(c) No consent, approval or authorization of, or designation, declaration or filing with, any Governmental Authority is required on the part of the Shareholder with respect to the Shareholder’s execution, delivery or performance of his, her or its covenants, agreements or obligations under this Agreement (including, for the avoidance of doubt, those covenants, agreements and obligations under this Agreement that relate to the provisions of the Business Combination Agreement) or the consummation of the transactions contemplated hereby, except for any consents, approvals, authorizations, designations, declarations, waivers or filings, the absence of which would not adversely affect the ability of the Shareholder to perform, or otherwise comply with, any of his, her or its covenants, agreements or obligations hereunder in any material respect.

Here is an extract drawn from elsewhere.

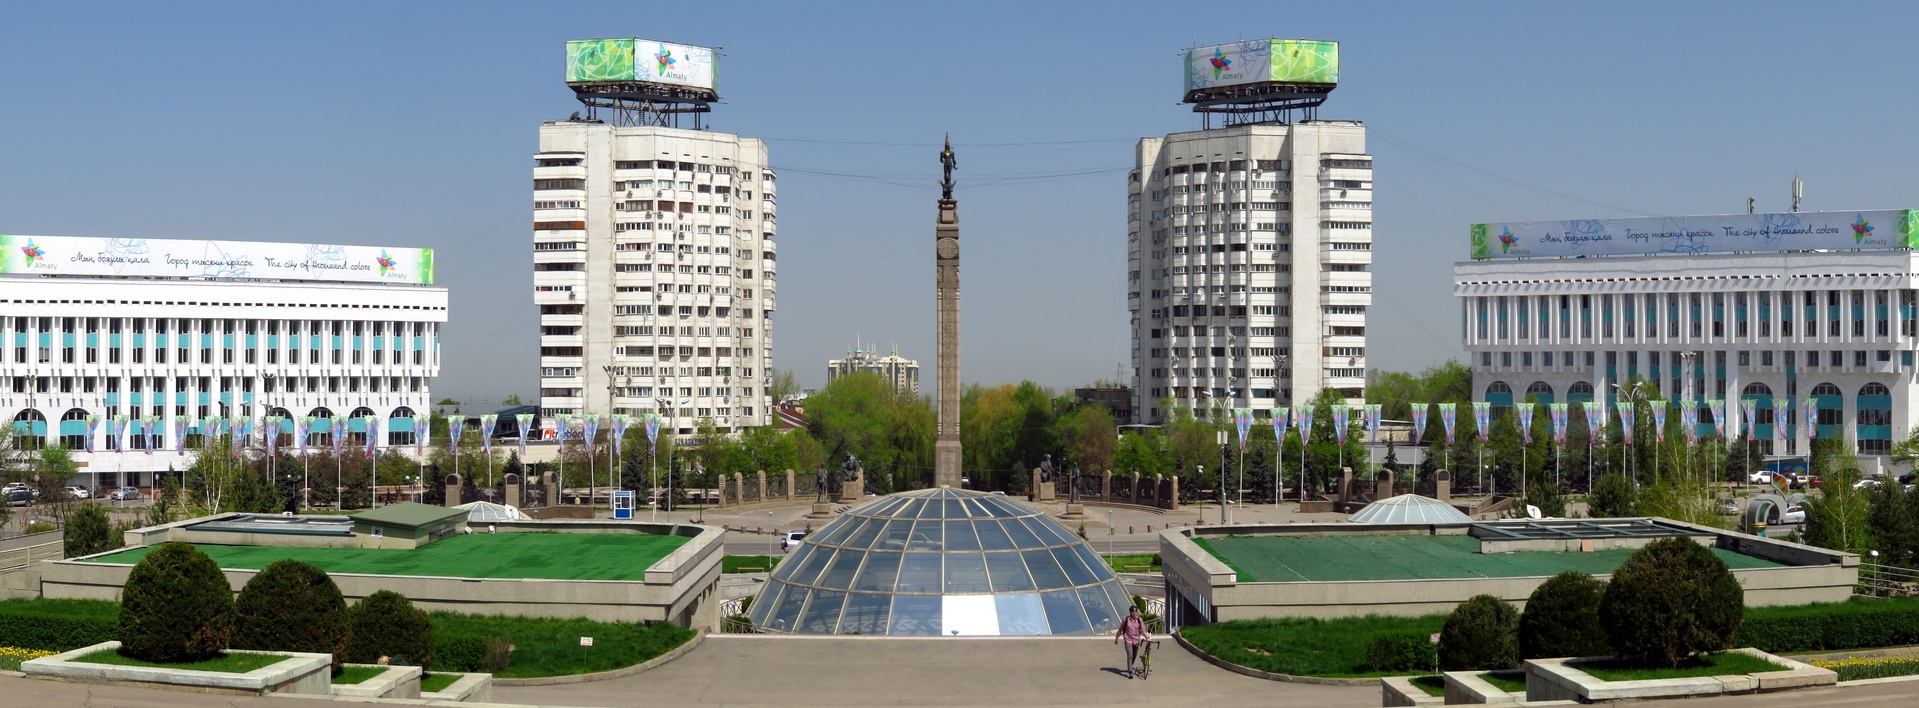 Republic Square

(d) None of the execution or delivery of this Agreement by the Shareholder, the performance by the Shareholder of any of his, her or its covenants, agreements or obligations under this Agreement (including, for the avoidance of doubt, those covenants, agreements and obligations under this Agreement that relate to the provisions of the Business Combination Agreement) or the consummation of the transactions contemplated hereby will, directly or indirectly (with or without due notice or lapse of time or both) (i) if the Shareholder is not an individual, result in any breach of any provision of the Shareholder’s Governing Documents (as such term is defined in the Business Combination Agreement), (ii) result in a violation or breach of, or constitute a default or give rise to any right of termination, consent, cancellation, amendment, modification, suspension, revocation or acceleration under, any of the terms, conditions or provisions of any Contractual Obligation to which the Shareholder is a party, (iii) violate, or constitute a breach under, any order or applicable Law to which the Shareholder or any of his, her or its properties or assets are subject or bound or (iv) result in the creation of any Lien upon the Subject Pathfinder Shares, except, in the case of any of clauses (ii) and (iii) above, as would not adversely affect the ability of the Shareholder to perform, or otherwise comply with, any of his, her or its covenants, agreements or obligations hereunder in any material respect.

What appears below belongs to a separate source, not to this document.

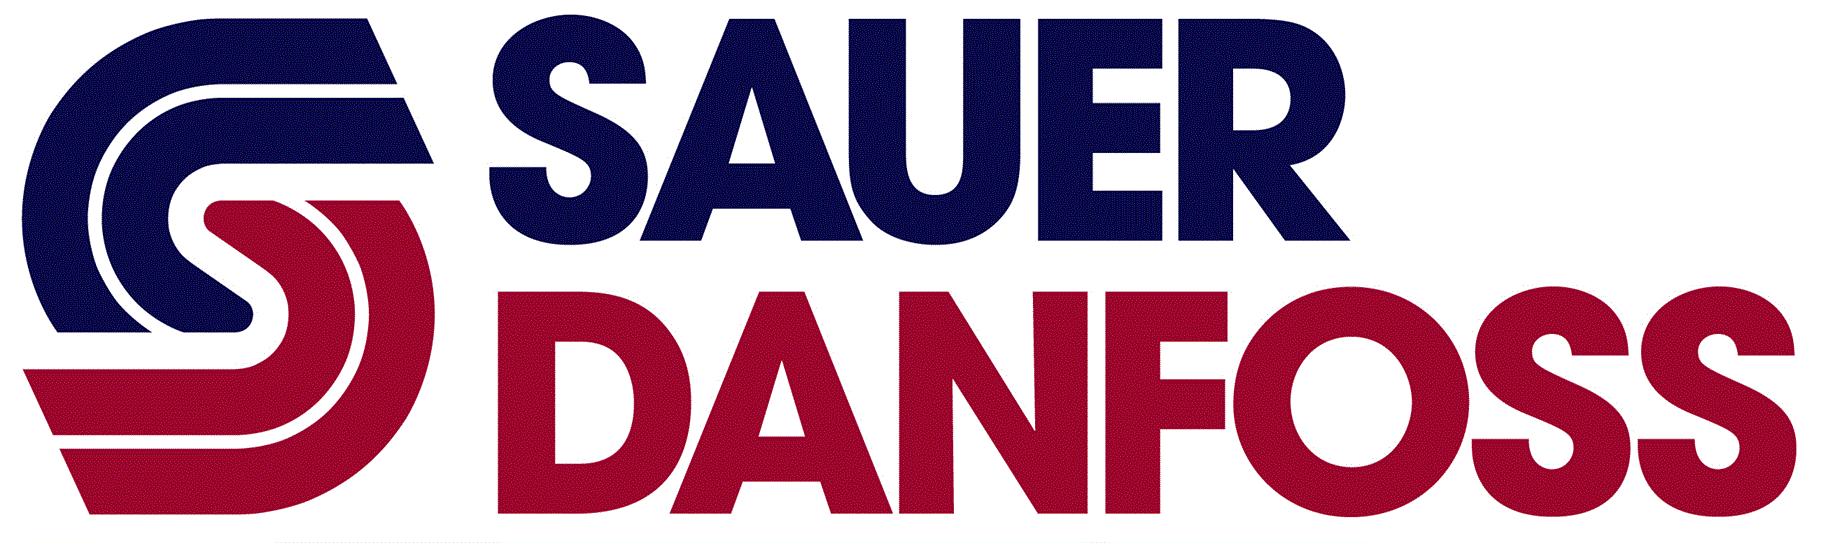 Sauer-Danfoss-Logo

(e) Upon the consummation of the Tender Offer and at all times thereafter until the Merger, the Shareholder, the Purchasers and/or Affiliates of the Shareholder will be the sole record and beneficial owners of the Subject Pathfinder Shares and the Shareholder, the Purchasers and each such Affiliate has valid, good and marketable title to the Subject Pathfinder Shares, free and clear of all Liens (other than transfer restrictions under applicable Securities Law (as such term is defined in the Business Combination Agreement) or as set forth in the Governing Documents of Pathfinder). Except for the Subject Pathfinder Shares acquired pursuant to the Tender Offer, together with any shares of Pathfinder common stock that may be acquired pursuant to the Subscription Agreement, the Shareholder, the Purchasers and Affiliates of the Shareholder do not own, beneficially or of record, or have the right to acquire, any equity securities of Pathfinder (including, for the avoidance of doubt, any successor or assign (whether direct or indirect, by purchase, merger, consolidation or otherwise) thereto). Upon the consummation of the Tender Offer and at all times thereafter until the Merger, the Shareholder will have the sole right to vote (and provide consent in respect of, as applicable) the Subject Pathfinder Shares and, except for this Agreement, the Shareholder, the Purchasers and/or Affiliates of the Shareholder are not party to or bound by (i) any option, warrant, purchase right, or other Contractual Obligations that could (either alone or in connection with one or more events, developments or events (including the satisfaction or waiver of any conditions precedent)) require the Shareholder to Transfer any of the Subject Pathfinder Shares or (ii) any voting trust, proxy or other Contractual Obligations with respect to the voting or Transfer of any of the Subject Pathfinder Shares, except as provided in this Agreement, the Note Purchase Agreement, the Fee Letter and that certain Voting Agreement, to be dated as of the Merger Closing Date, by and among, among others, Pathfinder, the Company and the Shareholder.
(f) There is no action, suit, proceeding, claim or dispute pending or, to the Shareholder’s knowledge, threatened against or involving the Shareholder or any of his, her or its Affiliates that, if adversely decided or resolved, would reasonably be expected to adversely affect the ability of the Shareholder to perform, or otherwise comply with, any of his, her or its covenants, agreements or obligations under this Agreement in any material respect.